I also love having two although must admit it would probably be less work and and lot less noisy with one. However I think I must have been really lucky as Betty and Ted spend HOURS everyday rough and tumbling and it rarely gets out of hand but then there are times when they are happy to have a bit of me time of their own.


----------



## LolaLulu

Absolutely no regrets but it was hard work for the first few months or 10! We got Lola and went back for her sister 2 days later. They are almost identicle to look at but like chalk and cheese in character. As I write Lola is bouncing off the walls playing with her babble ball while Lulu is chilling out on the sofa.


----------



## 3boys1pup

Why am I even looking at this ? :undwech:


----------



## Janev1000

Kody&Beau;169778 if I'm honest I wish she would stand her ground more being she was here first said:


> Hmmm that sounds a lot like Biscuit! - maybe because they are related! It's just that Honey is probably more submissive than Beau and like you, I do wish she'd tell him off a bit more!

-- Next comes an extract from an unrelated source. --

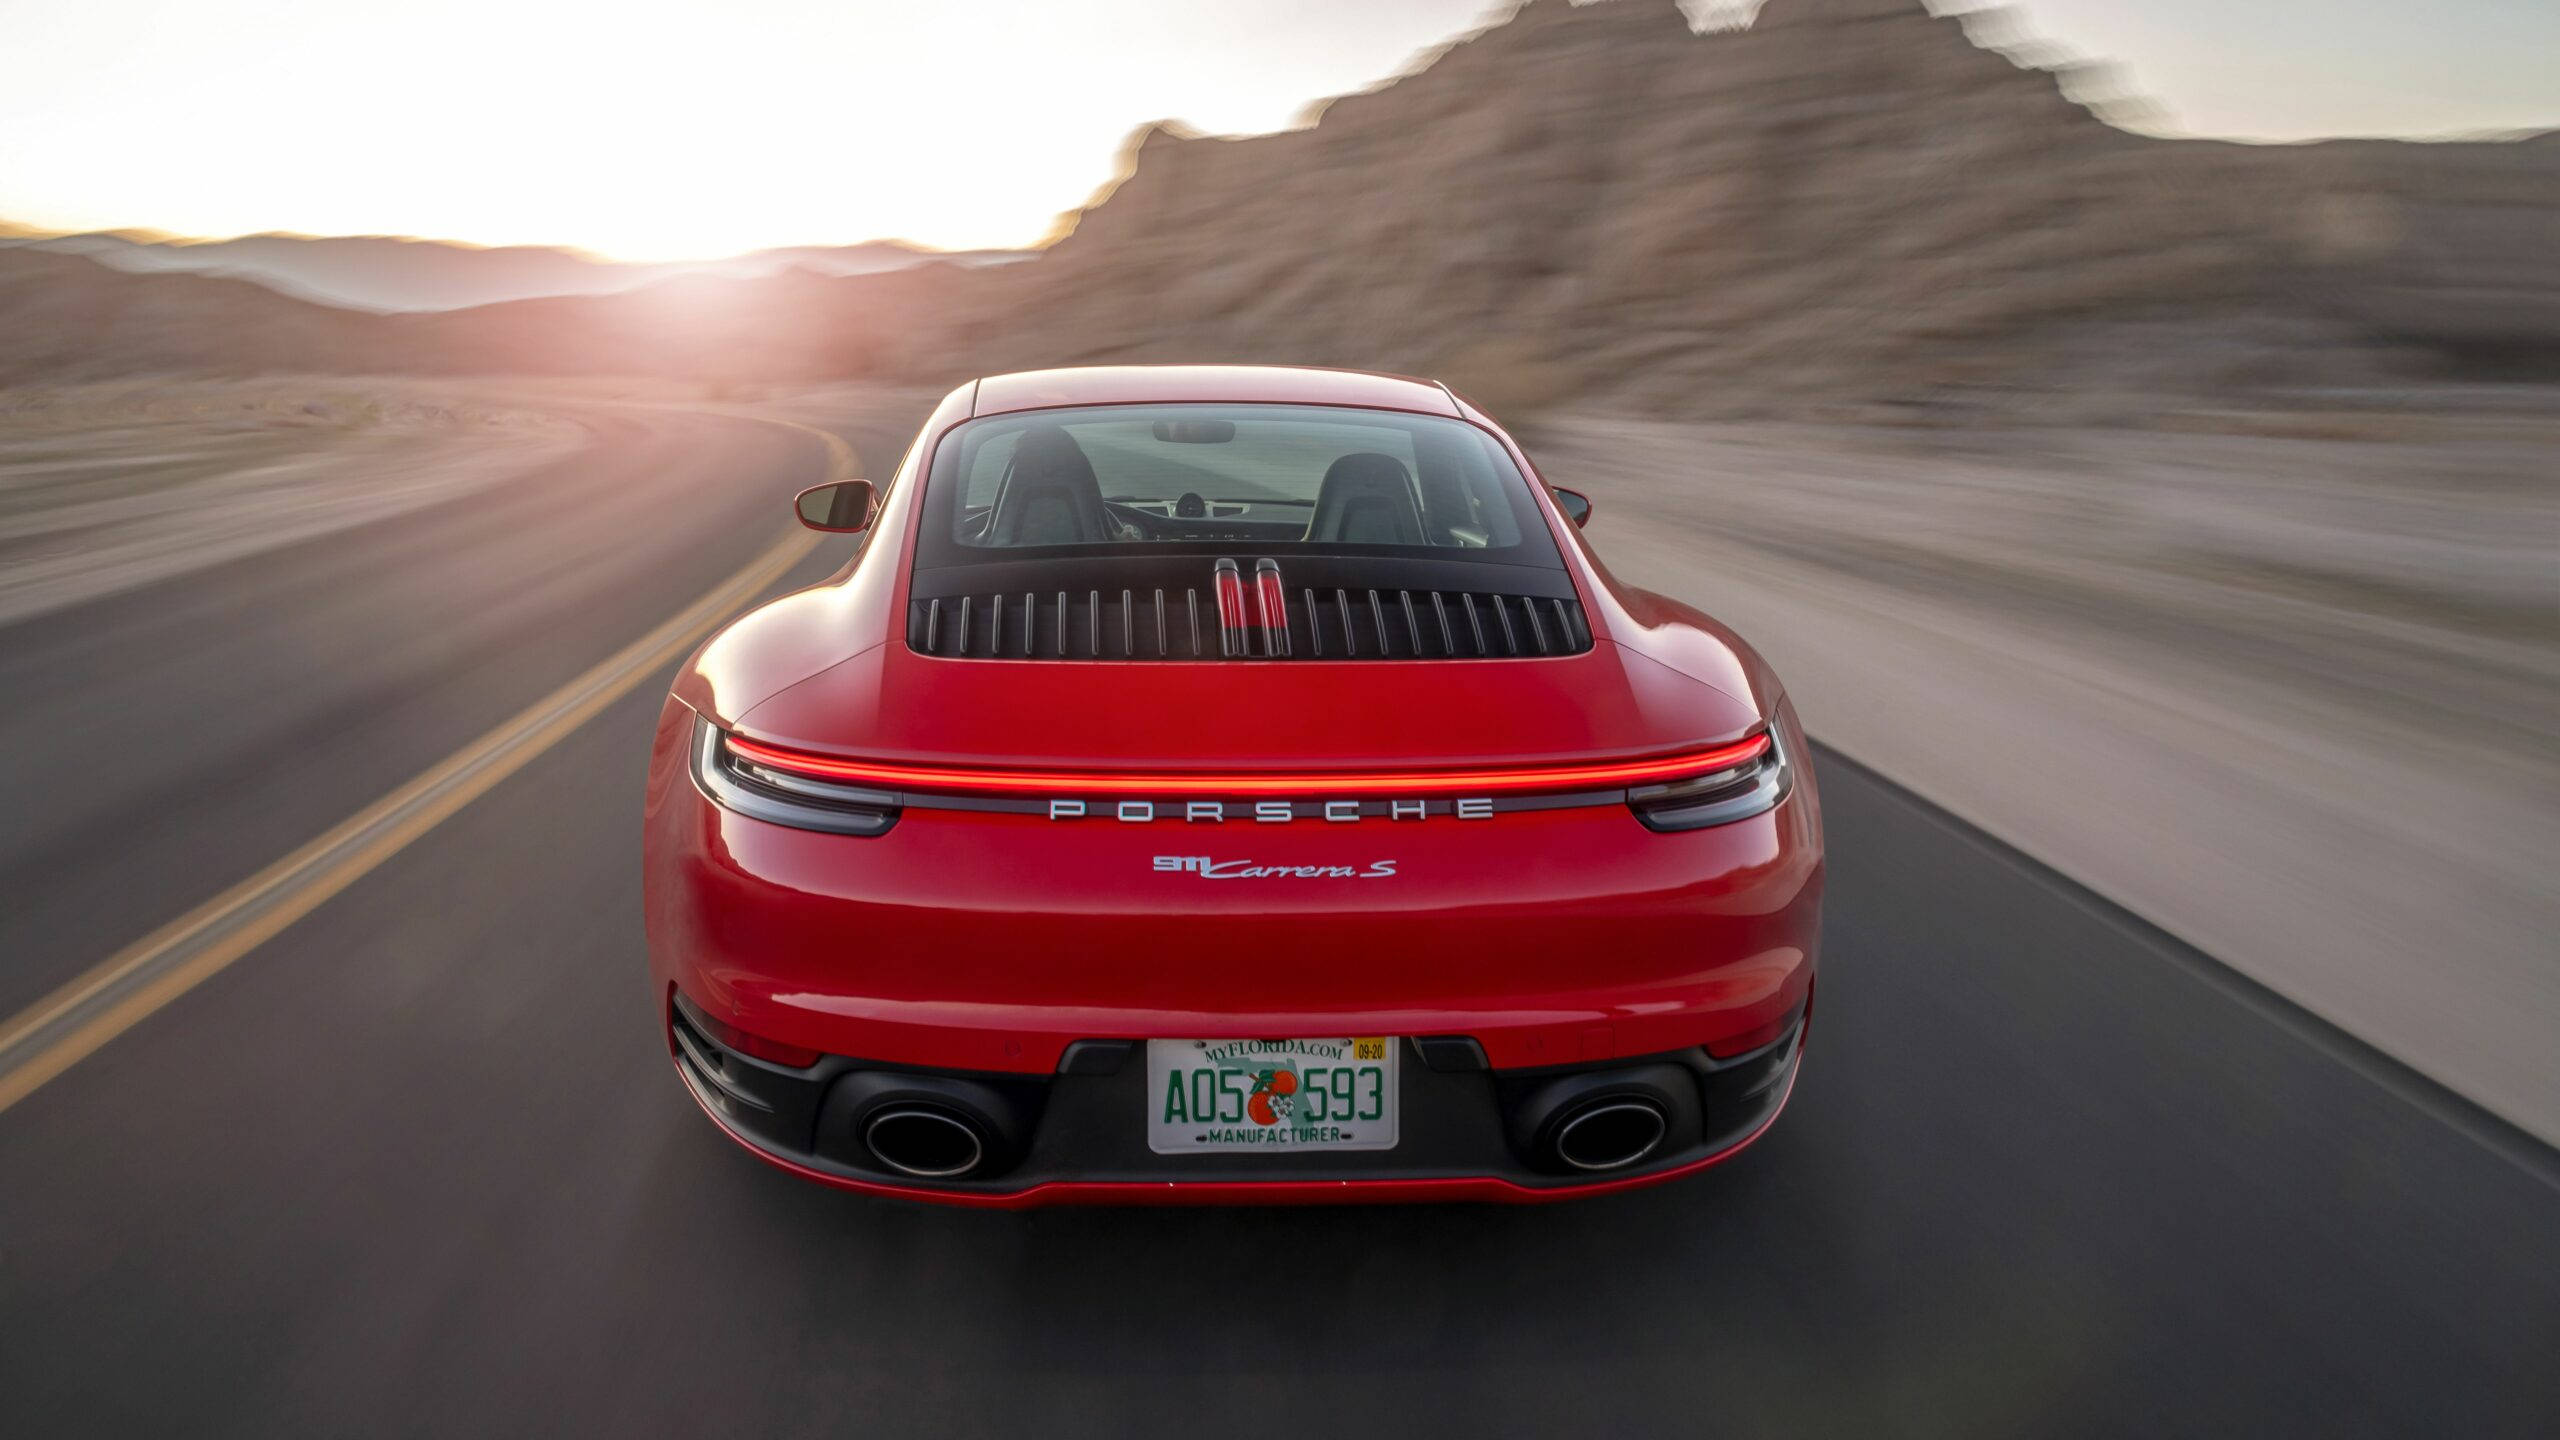 Back View Of Red Porsche 911 Wallpaper

Occasionally she will growl at him if he tries to nick her carrot and it works! He backs off like a true gentleman, so I think their relationship would work if she were a bit more vocal. x


----------



## Jedicrazy

Janev1000 said:


> Hmmm that sounds a lot like Biscuit! - maybe because they are related! It's just that Honey is probably more submissive than Beau and like you, I do wish she'd tell him off a bit more! Occasionally she will growl at him if he tries to nick her carrot and it works! He backs off like a true gentleman, so I think their relationship would work if she were a bit more vocal. x


Jane you could be on to something here as Roo is terrible at dominating Obi too! Maybe it's a trait they've all inherited from their Dad? I wish Obi would stand up for himself more too but he let's her get away with murder. He even just stands there while she attempts to hump him and I have to tell her No and push her off him .


----------



## dmgalley

Willow is becoming a humper too. I laugh when people say they don't want a male because they hump. Willow is worse than Jake ever thought of being. 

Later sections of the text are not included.